Data segment -
== Segment start ==
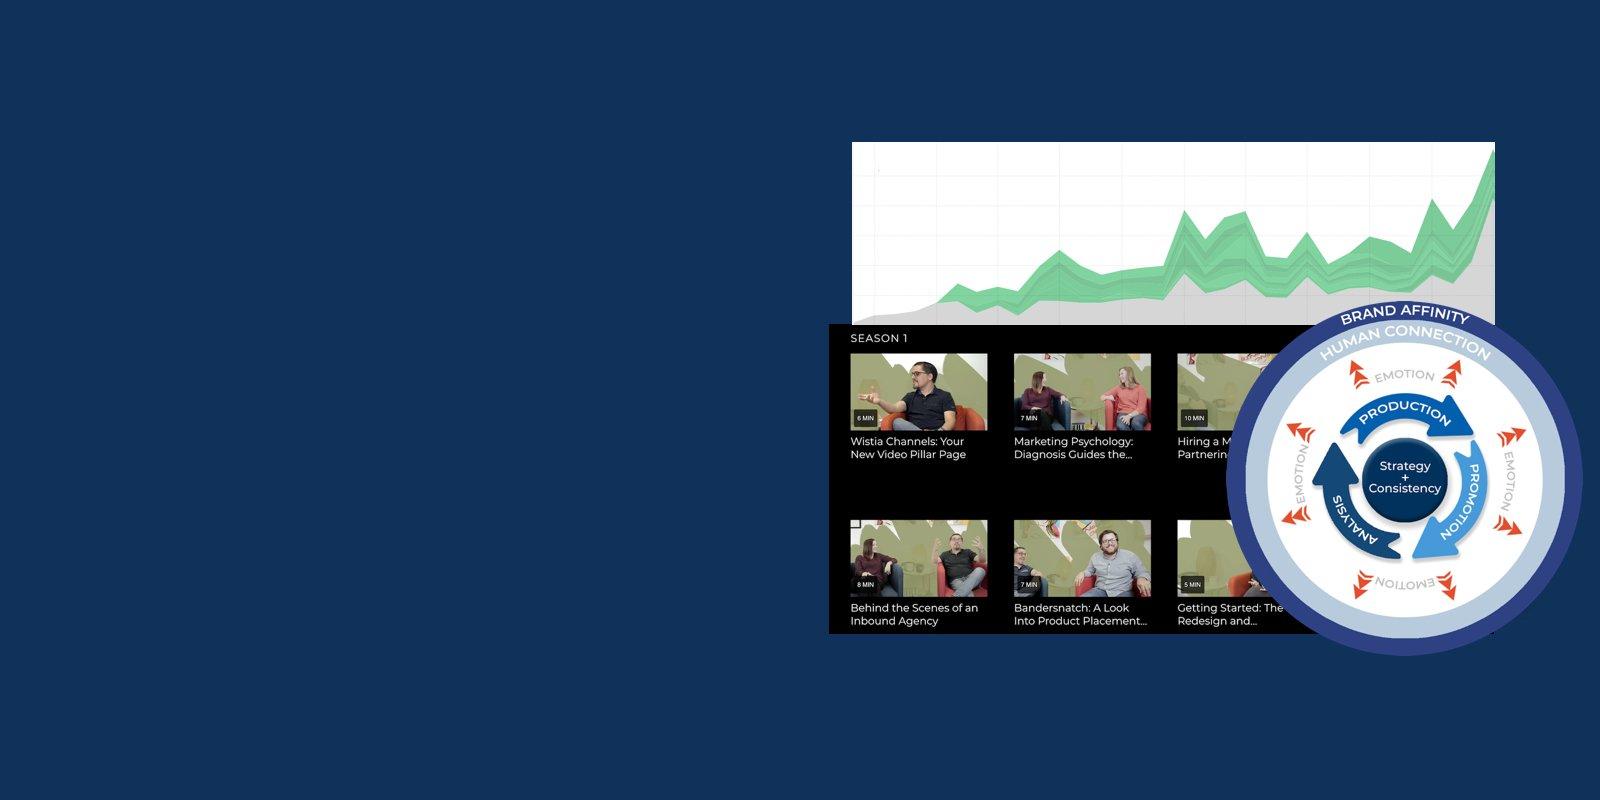 videopillarpage-brand-affinity
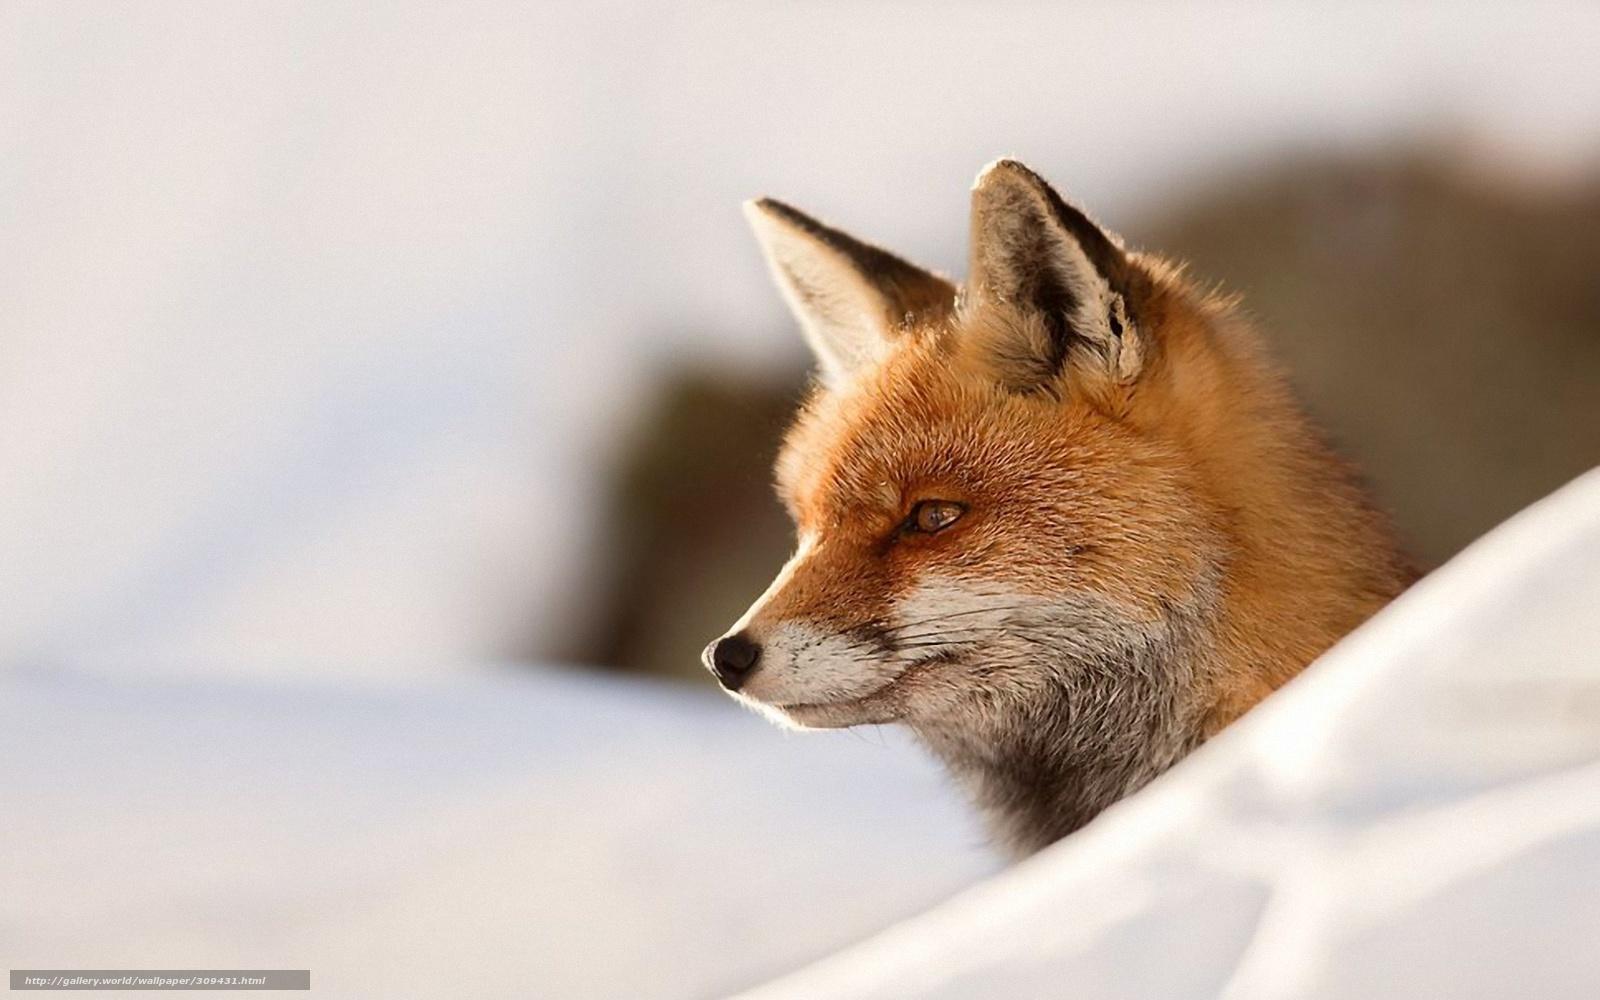 Tlcharger fond d 39 ecran renard hiver neige fonds d 39 ecran for Fond ecran hiver animaux
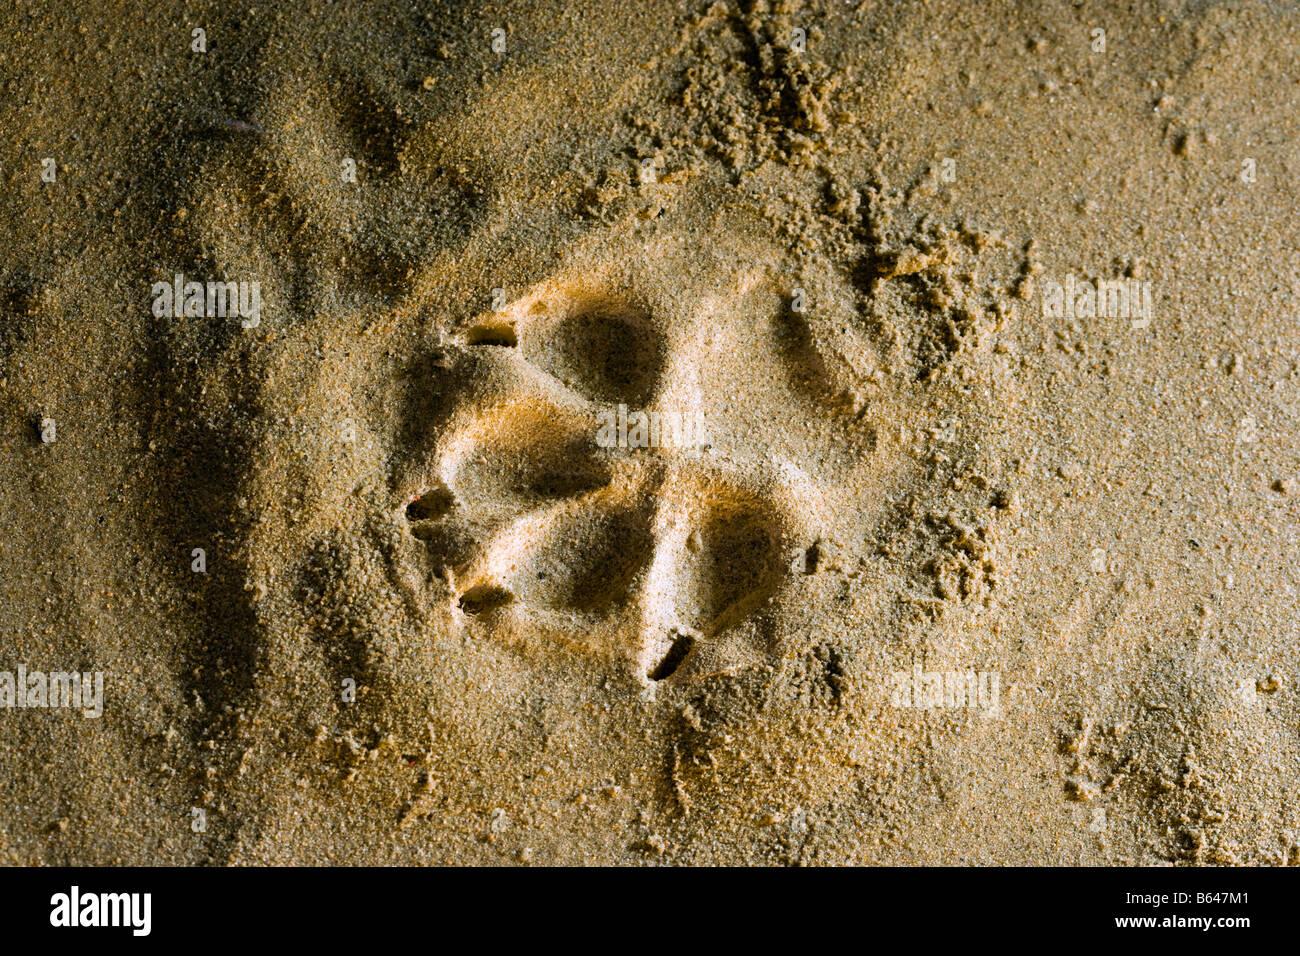 La Finlande, Kuhmo, Petola Centre d'accueil. Informations sur la plus grande des carnivores et preditors. Empreinte Photo Stock
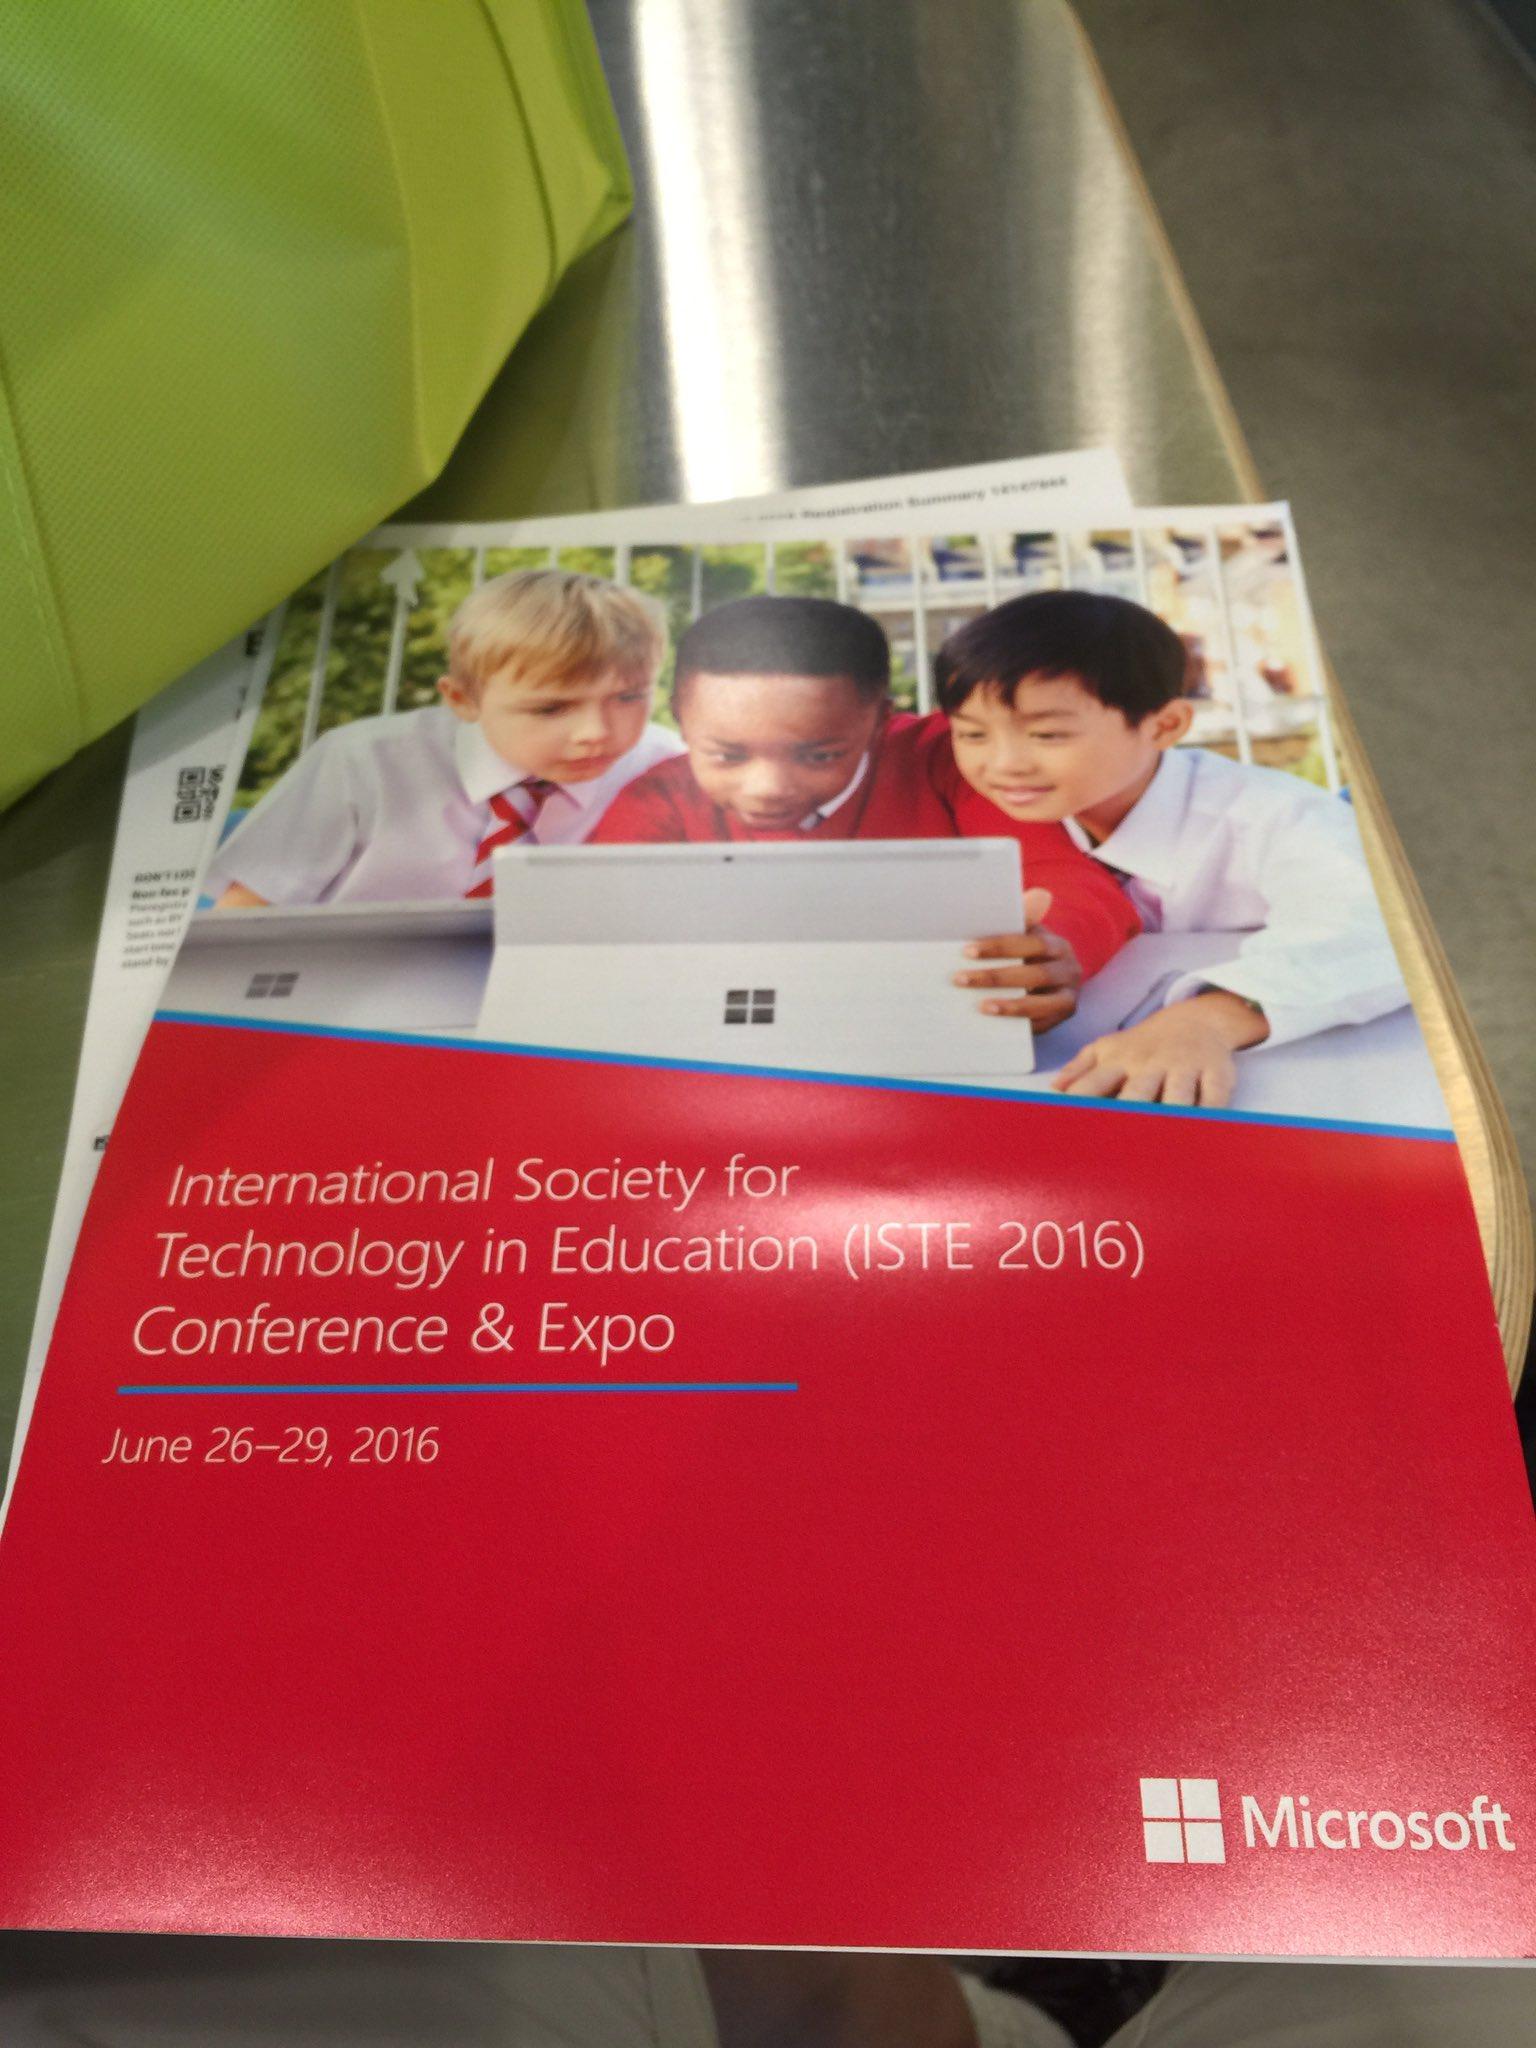 Excited to begin! @Microsoft_EDU #FCPSISTE #ISTE2016 https://t.co/Yi8tgnT0aE
== Segment end ==
Retype everything in the material word for word, minus pictures.

 videopillarpage-brand-affinity
 Tlcharger fond d 39 ecran renard hiver neige fonds d 39 ecran for Fond ecran hiver animaux
 La Finlande, Kuhmo, Petola Centre d'accueil. Informations sur la plus grande des carnivores et preditors. Empreinte Photo Stock
 Excited to begin! @Microsoft_EDU #FCPSISTE #ISTE2016 https://t.co/Yi8tgnT0aE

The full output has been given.